La guerra regulatoria de la administración Biden contra las empresas, en particular contra el sector energético, debe terminar si se quiere que la recuperación económica llegue a la clase media estadounidense. Del mismo modo, hay que frenar a los grandes gastadores del Congreso (demócratas y republicanos por igual) antes de que arruinen el país.

La deuda federal asciende a casi 35 billones de dólares y los pagos de intereses por sí solos superan el 40% de todos los impuestos sobre la renta personal.
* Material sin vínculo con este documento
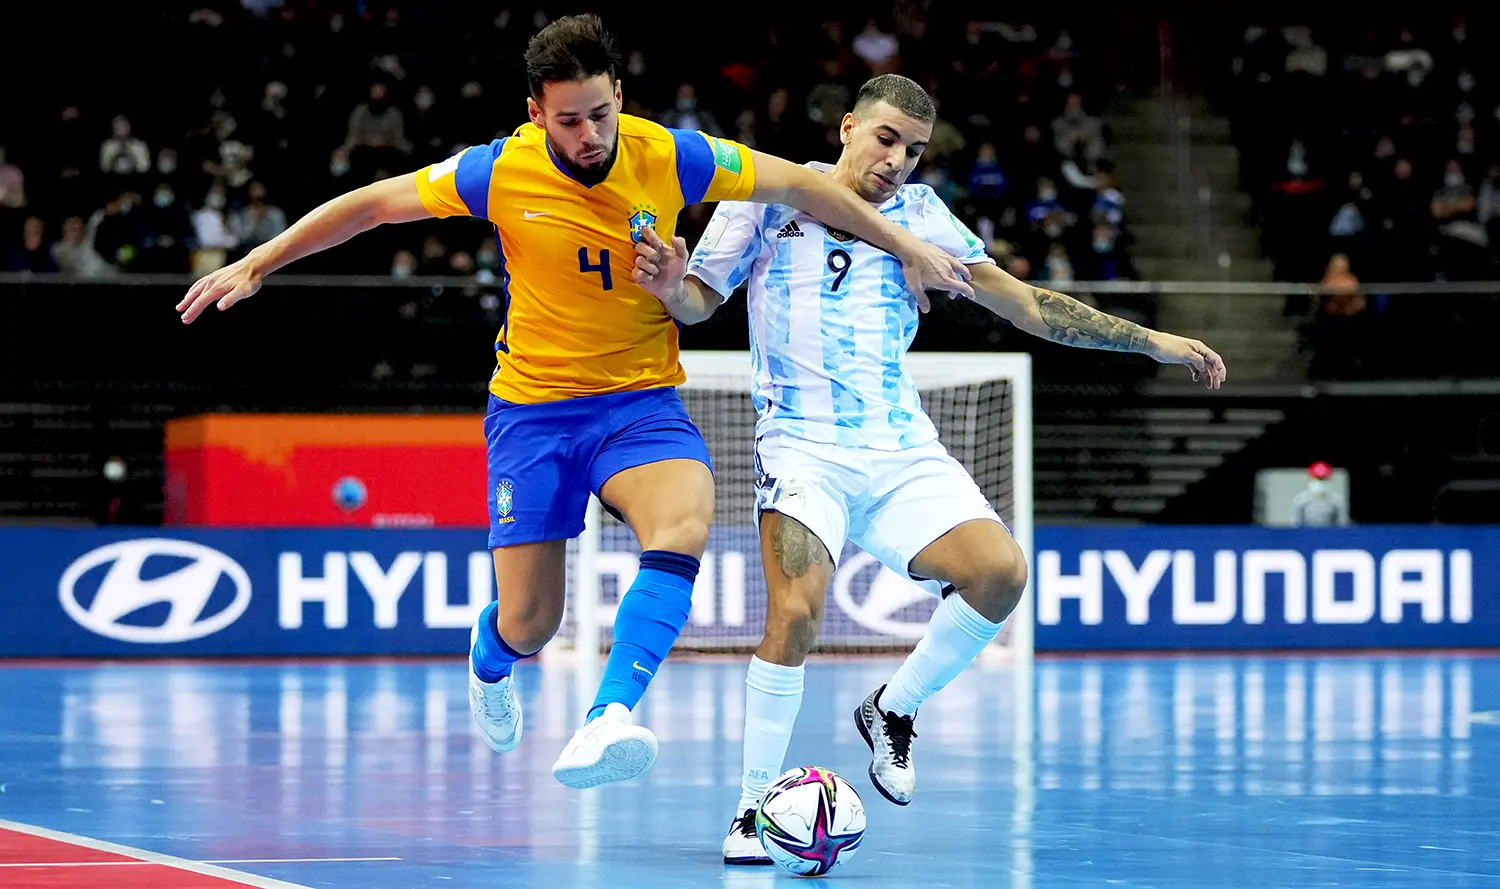 Aturan dan Ketentuan Bermain Futsal

Si no se reduce radicalmente el gasto público, se necesitarán aún más impuestos confiscatorios sólo para pagar la deuda sin pagarla nunca. Eso destruiría verdaderamente los incentivos para trabajar e invertir.

Reducir el gasto es especialmente imperativo para que la Reserva Federal luche contra la inflación. Si no se reforma el gasto, el banco central seguirá permitiendo que la inflación se descontrole para financiar déficits presupuestarios multimillonarios. Si se elimina el gasto desmedido, desaparece el mayor incentivo de la Reserva Federal para causar inflación.

Si estos cambios parecen imposibles hoy, recordemos que la agenda de Reagan también parecía improbable en 1980. En el espíritu de su eterno optimismo, Estados Unidos debe mantener la esperanza de que todavía hay una oportunidad —aunque tal vez sólo una última— de cambiar las cosas.